══ Input data ══
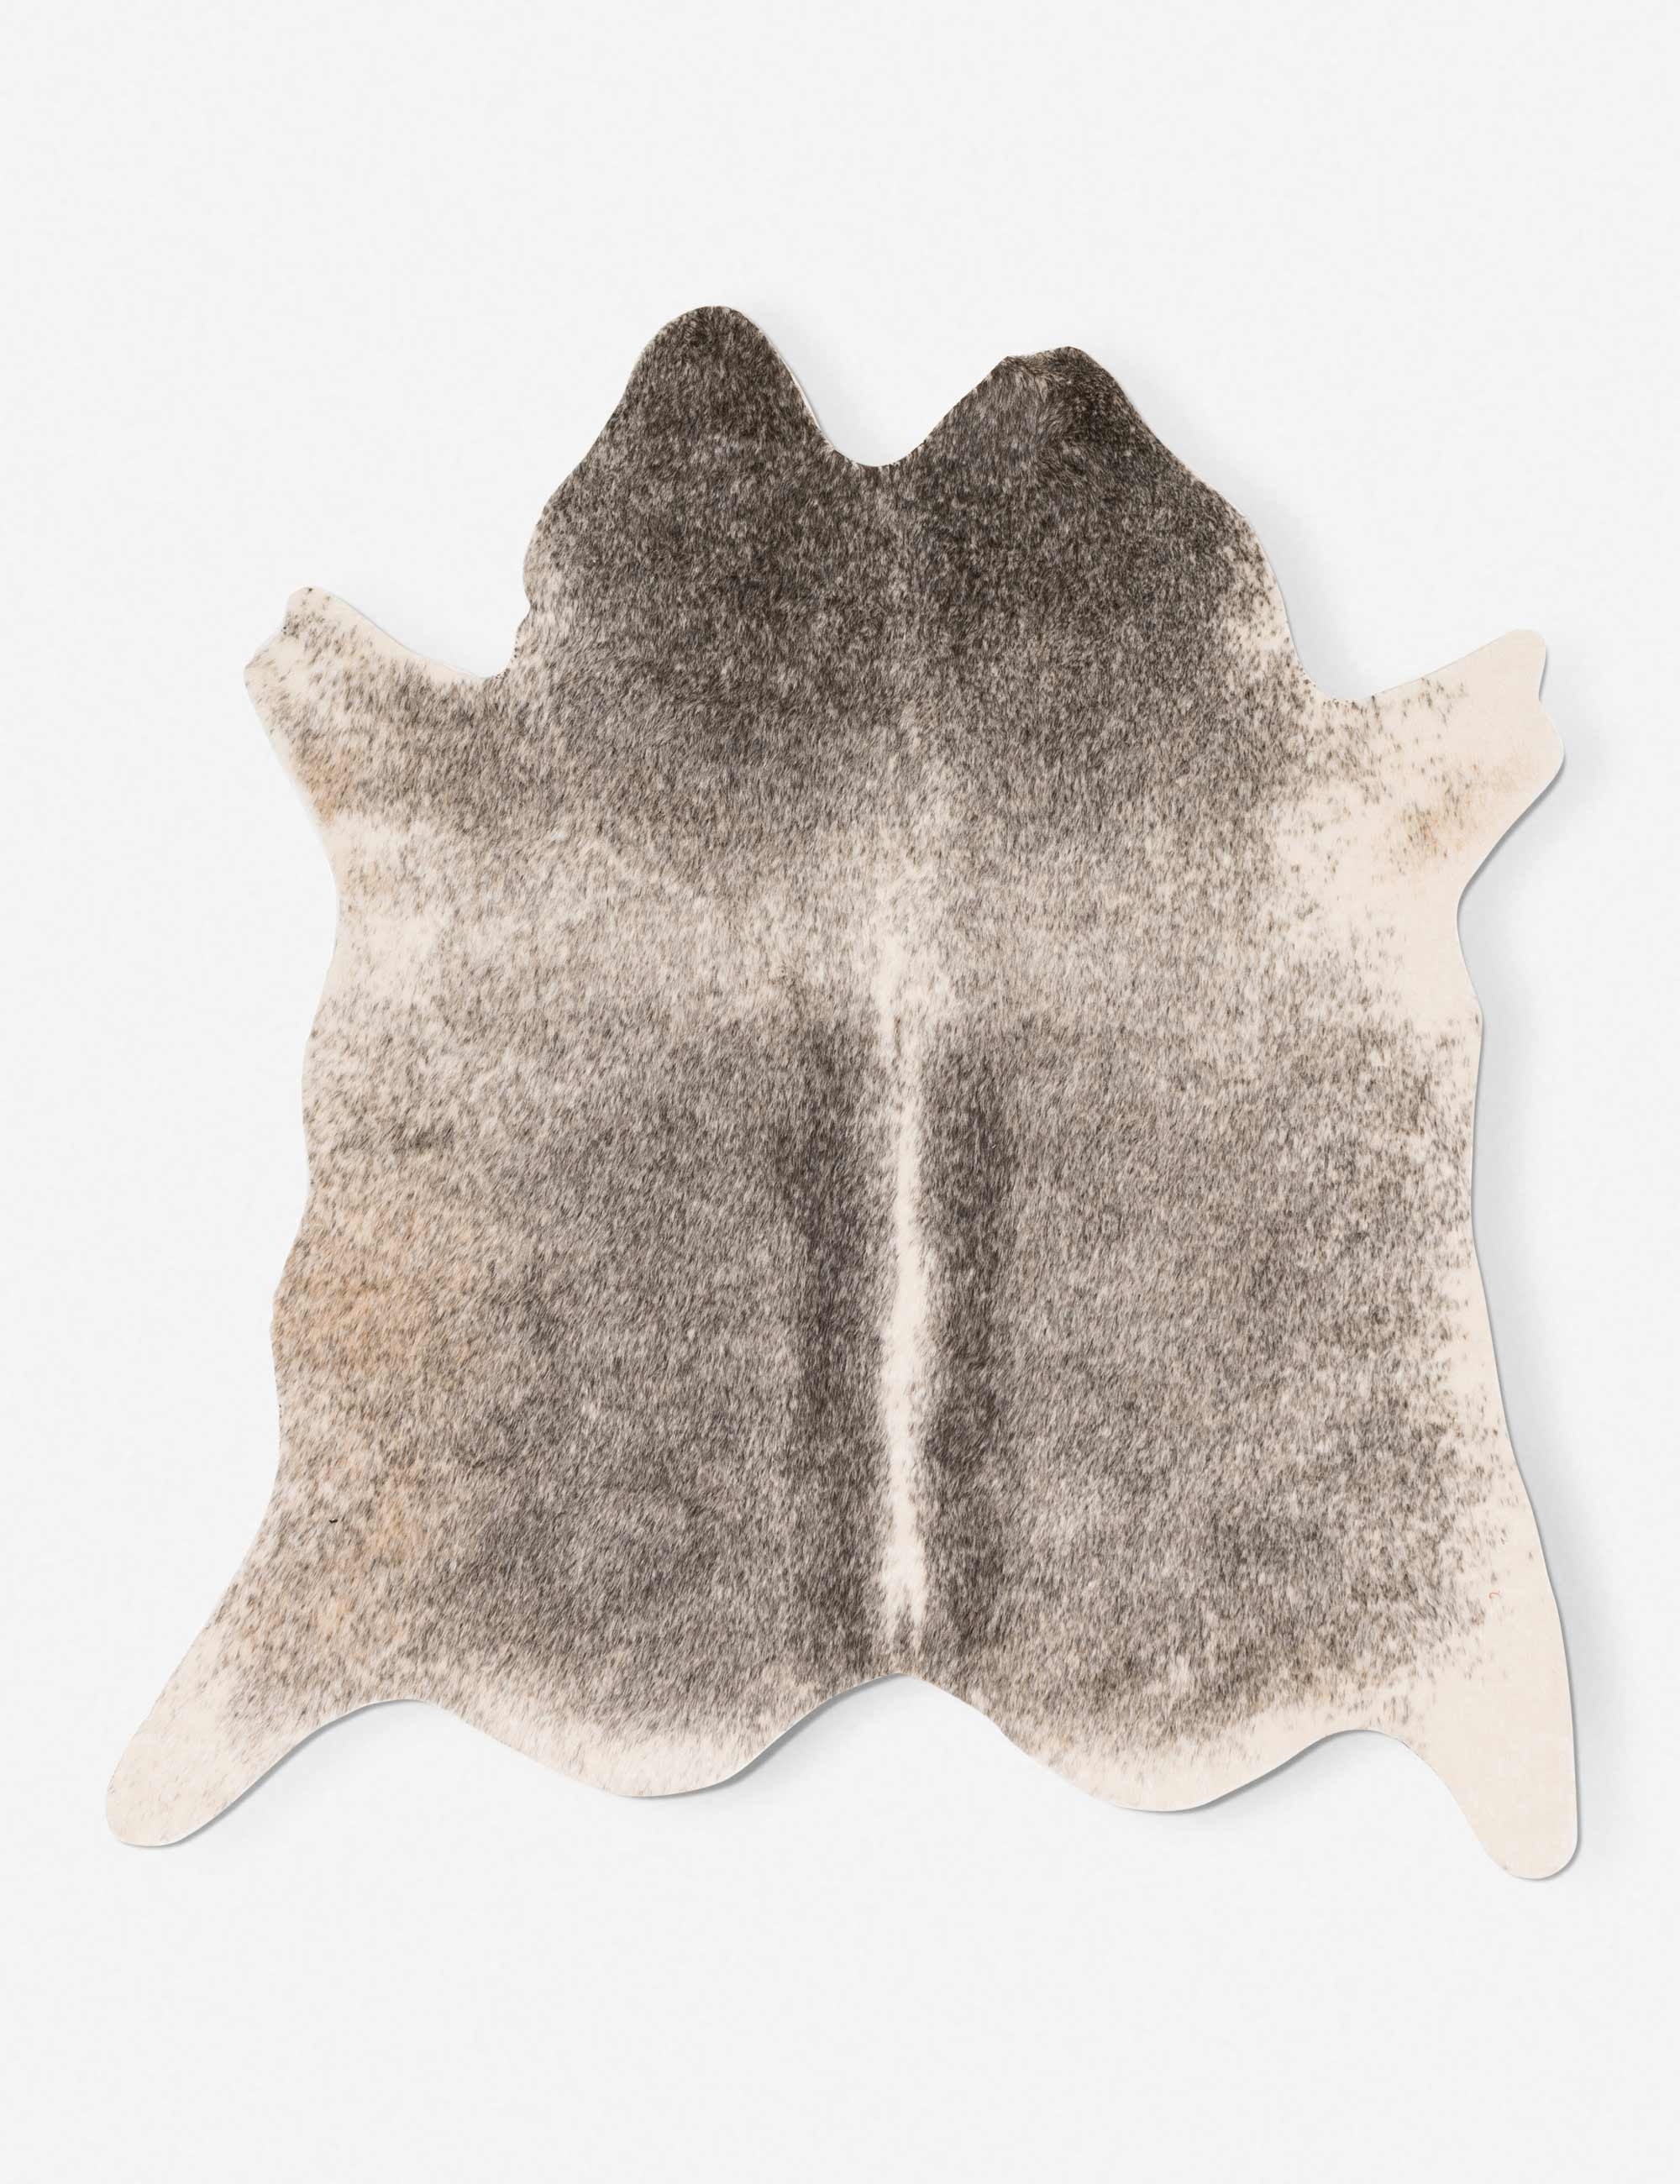 Winsley Faux Cowhide Rug, Ivory and Gray 5' x 6' 6" - Image 0
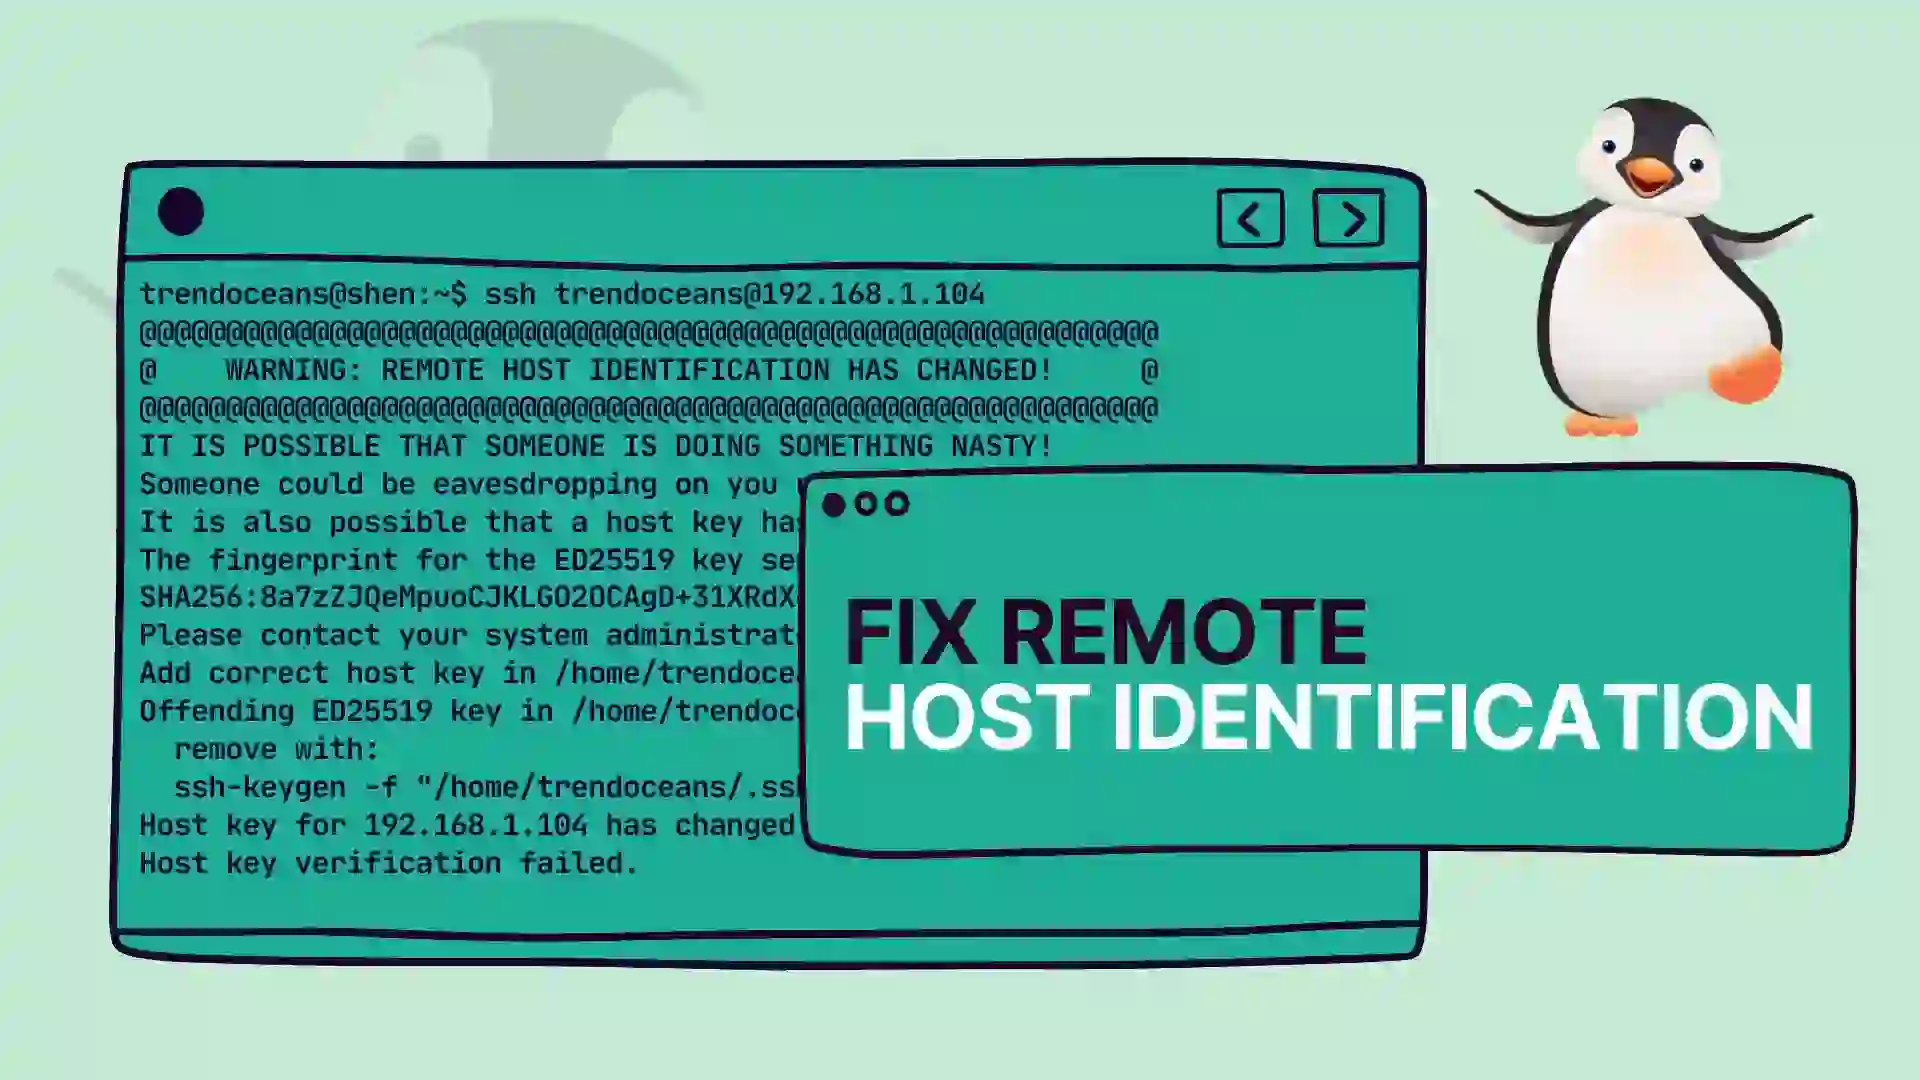 How To Fix Remote Host Identification Has Changed While Ssh - Trend Oceans
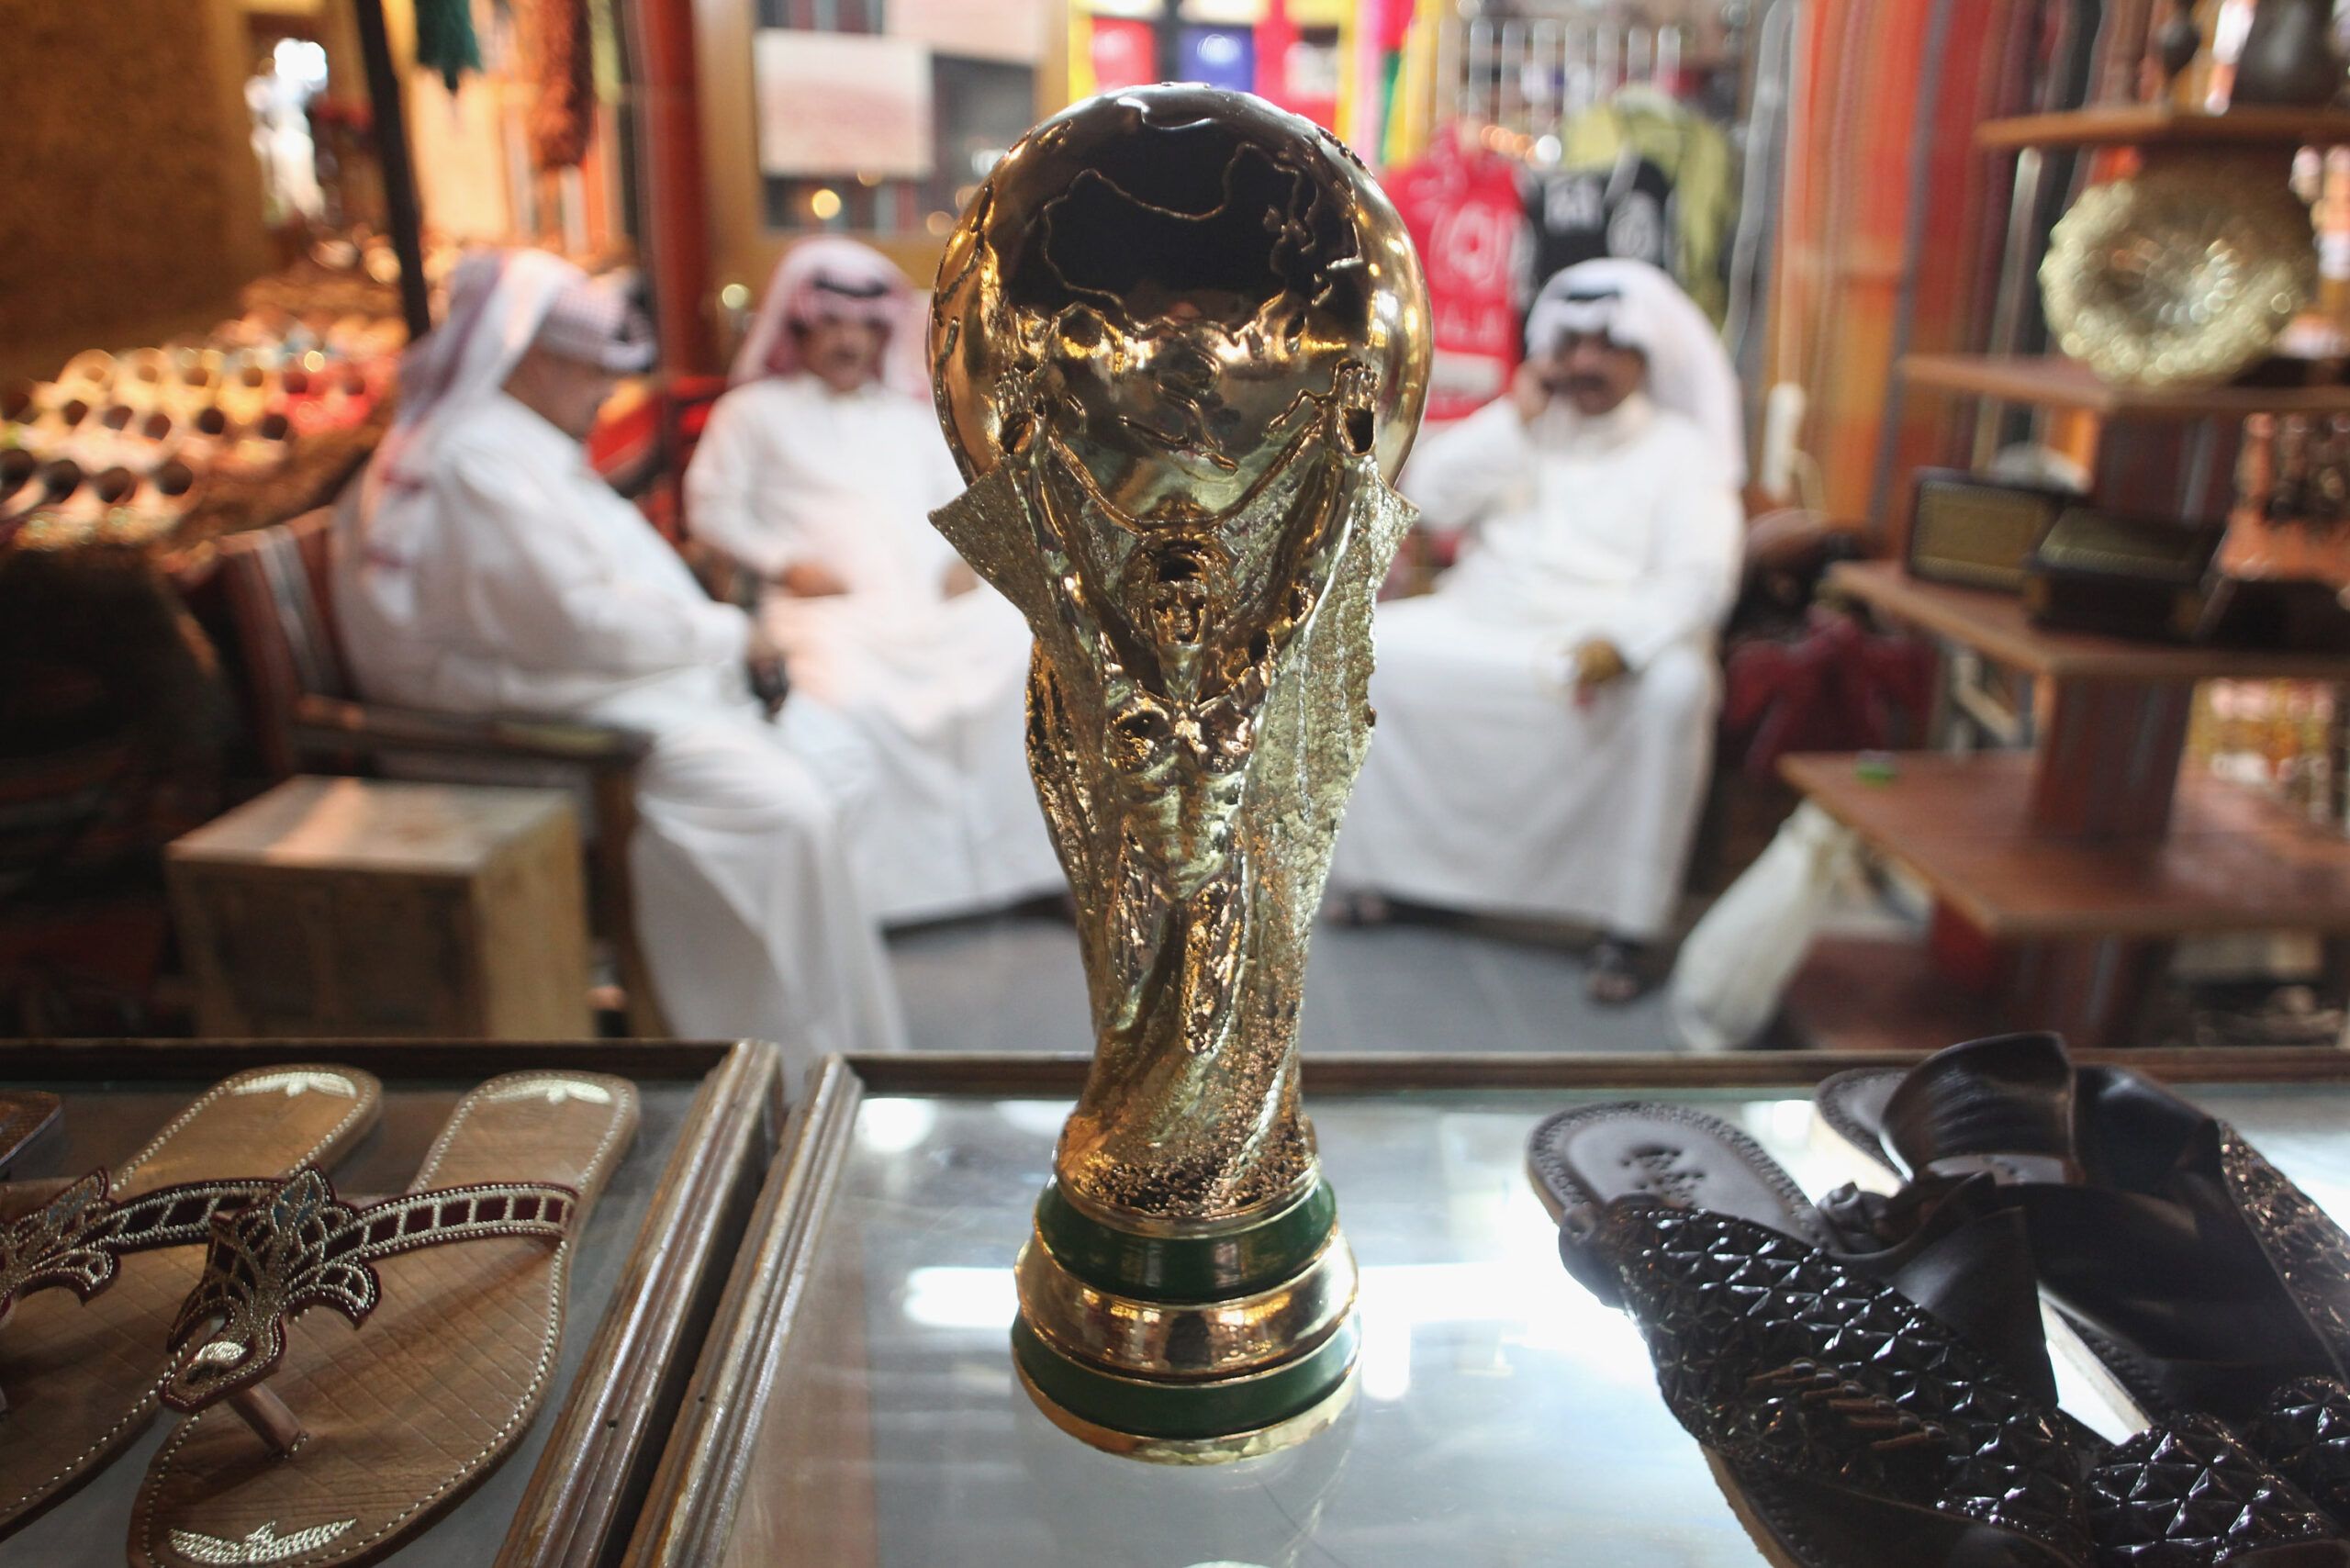 The World Cup trophy in Qatar
═══
= What is needed =
Please give back the data above word for word, with no pictures included.

= Reply =
 Winsley Faux Cowhide Rug, Ivory and Gray 5' x 6' 6" - Image 0
 How To Fix Remote Host Identification Has Changed While Ssh - Trend Oceans
 The World Cup trophy in Qatar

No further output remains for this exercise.